Was zeichnete ihn aus?

Er prangerte die ganzen sozialen Missstände an. Die Kinder beispielsweise, die als sogenannte «Päerdsbouwen» im Alter von 12, 13 oder 14 Jahren in der Grube arbeiteten. Das waren Sklavenbedingungen damals unter Tage. Und er wurde nicht müde, Druck auszuüben auf die politischen Kräfte, egal ob die jetzt aus der rechten oder der liberalen Ecke kamen. Durch ihn kam sehr viel Bewegung in die Thematik Rechte der Arbeiter. Und damit einhergehend auch die Arbeits- und Lebensbedingungen des Proletariats, für das er stets eintrat. Schortgen war von frühen Jahren an Gewerkschaftsmilitant und ebenfalls Mitbegründer des Berg- und Hüttenarbeiter-Verbandes. Dafür ist dieser 100. Todestag auch so wichtig für uns. Es geht einerseits um Erinnerung und andererseits um sein Vermächtnis. Ohne ihn würden wir heute wohl nicht über den «tiers payant» reden und auch nicht von «congé parental». Das sind alles Forderungen, deren Ursprung auf diese Zeiten zurückgeht, auch wenn ich jetzt vielleicht ein bisschen weit ausgeholt habe.
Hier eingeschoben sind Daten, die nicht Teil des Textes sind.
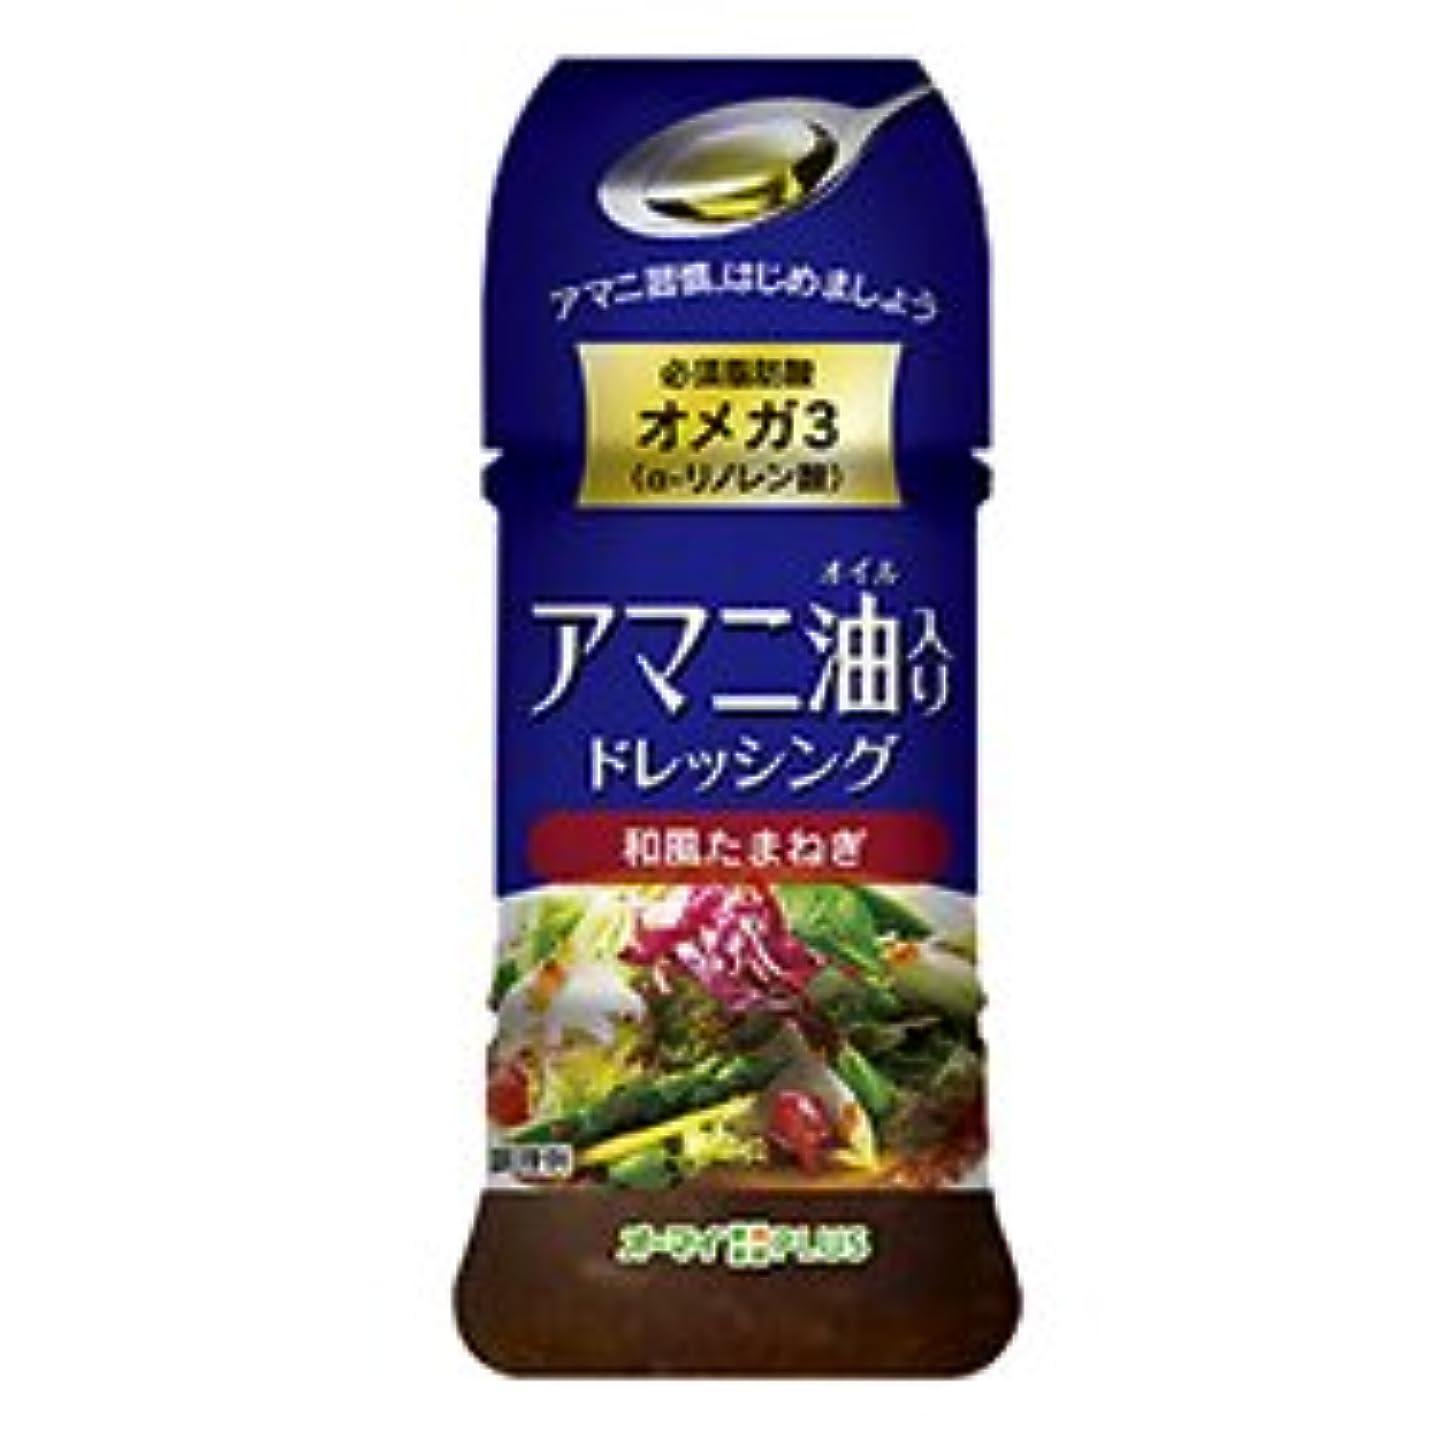 勇敢な辛な殺しますアマニ油ドレッシング 和風たまねぎ【5本セット】日本製粉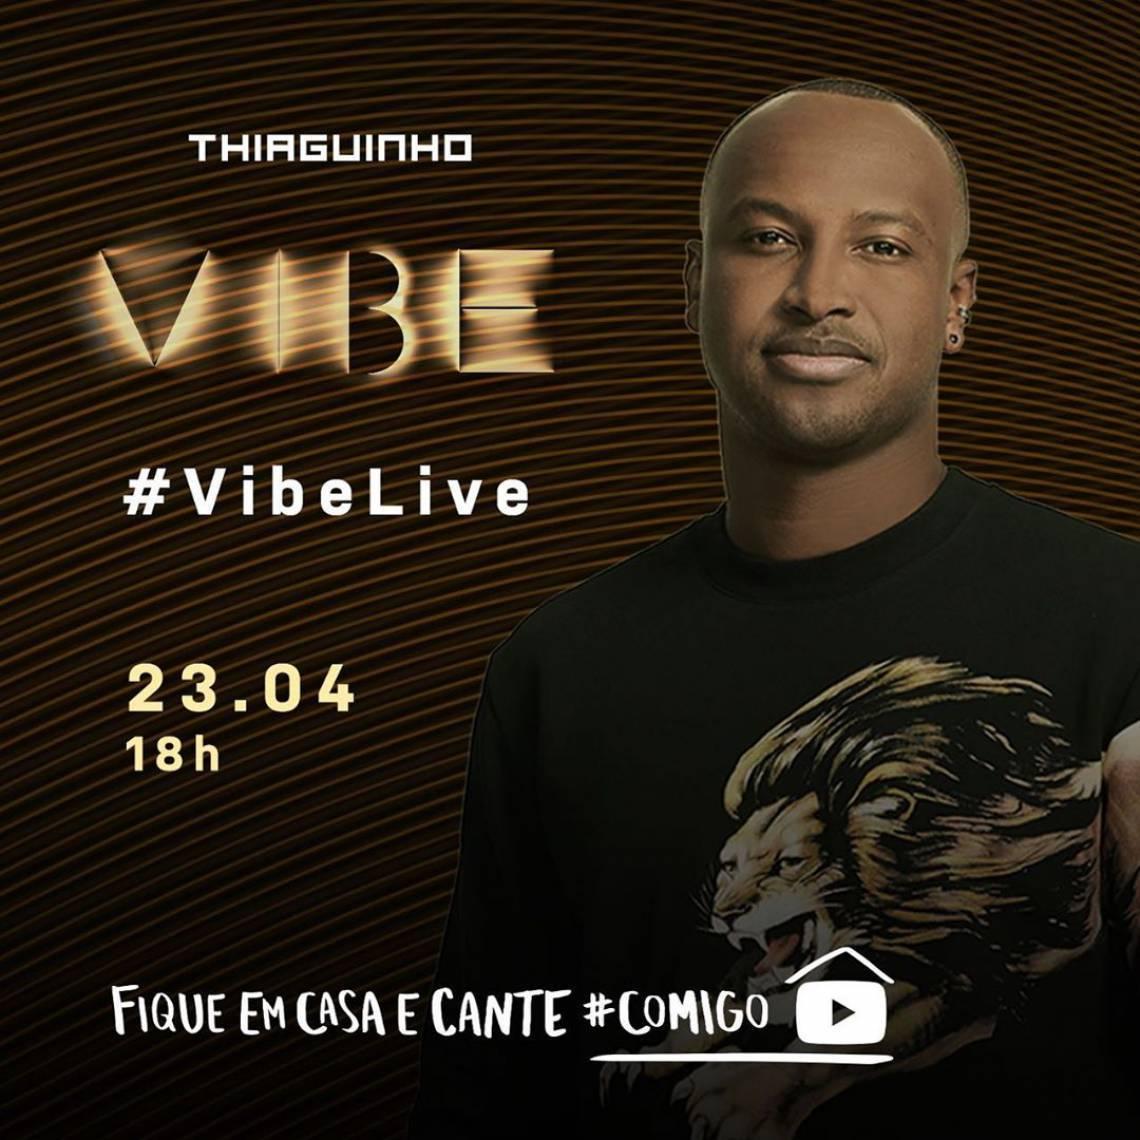 Acompanhe a agenda de transmissões ao vivo online - live - de artistas nacionais e internacionais para hoje, quinta-feira, 23 de abril (23/04); Thiaguinho é uma das atrações da noite

Welche Bedeutung hat er für die Gemeinde Kayl/Tetingen?

Der 100. Geburtstag, der 75. Todestag und nun der 100. Todestag. Wir haben einen Kultursaal und eine Straße nach ihm benannt. Es erscheint auch wieder eine Briefmarke. Das alles ist schön und gut. Vor allem aber muss man Schortgen immer in seine Epoche setzen. Es waren unruhige Zeiten damals. Bahnbrechende Zeiten, bin ich geneigt zu sagen. Jang Schortgen wird auch bei Esch 2022 eine Rolle spielen. Genauso wie das Thema Arbeit, das in Tetingen von großer Bedeutung ist. Mit ihm haben wir einen wichtigen Träger davon in unseren Reihen. Politisch gewinnt man damit heute sicher keinen Blumentopf mehr. Wir haben aber in unserer Gemeinde die «Schungfabrik». Auch da haben einst Kinder gearbeitet. Dass wir die Erinnerung hochhalten, geht gar nicht anders. Das ist unser Vermächtnis und dem gilt es Rechnung zu tragen.


 

Die Meldung seines Todes

«Tetingen – Tödlicher Unfall: Gestern im Laufe des Vormittags verunglückte tödlich auf seiner Arbeitsstelle in der Galerie durch herabfallendes Gestein der Hauer und der Deputierte Johann Schortgen. Er starb auf dem Transport nach seiner Wohnung. Schortgen hat ein Alter von 38 Jahren erreicht. Über das Unglück selbst erfahren wir folgendes: Schortgen, der als einfacher Hauer beschäftigt war, arbeitete morgens gegen 8 Uhr vor Ort. Der Verunglückte war allein, da sein Schlepper eben ausgefahren war. Schortgen war damit beschäftigt, unter dem Hangenden Stützbalken einzulegen, als sich vom Dach ein schwerer Block löste und Schortgen unter sich begrub. Sein Kamerad fand ihn bewusstlos. Er starb kurze Zeit danach, ohne das Bewusstsein wiedererlangt zu haben.»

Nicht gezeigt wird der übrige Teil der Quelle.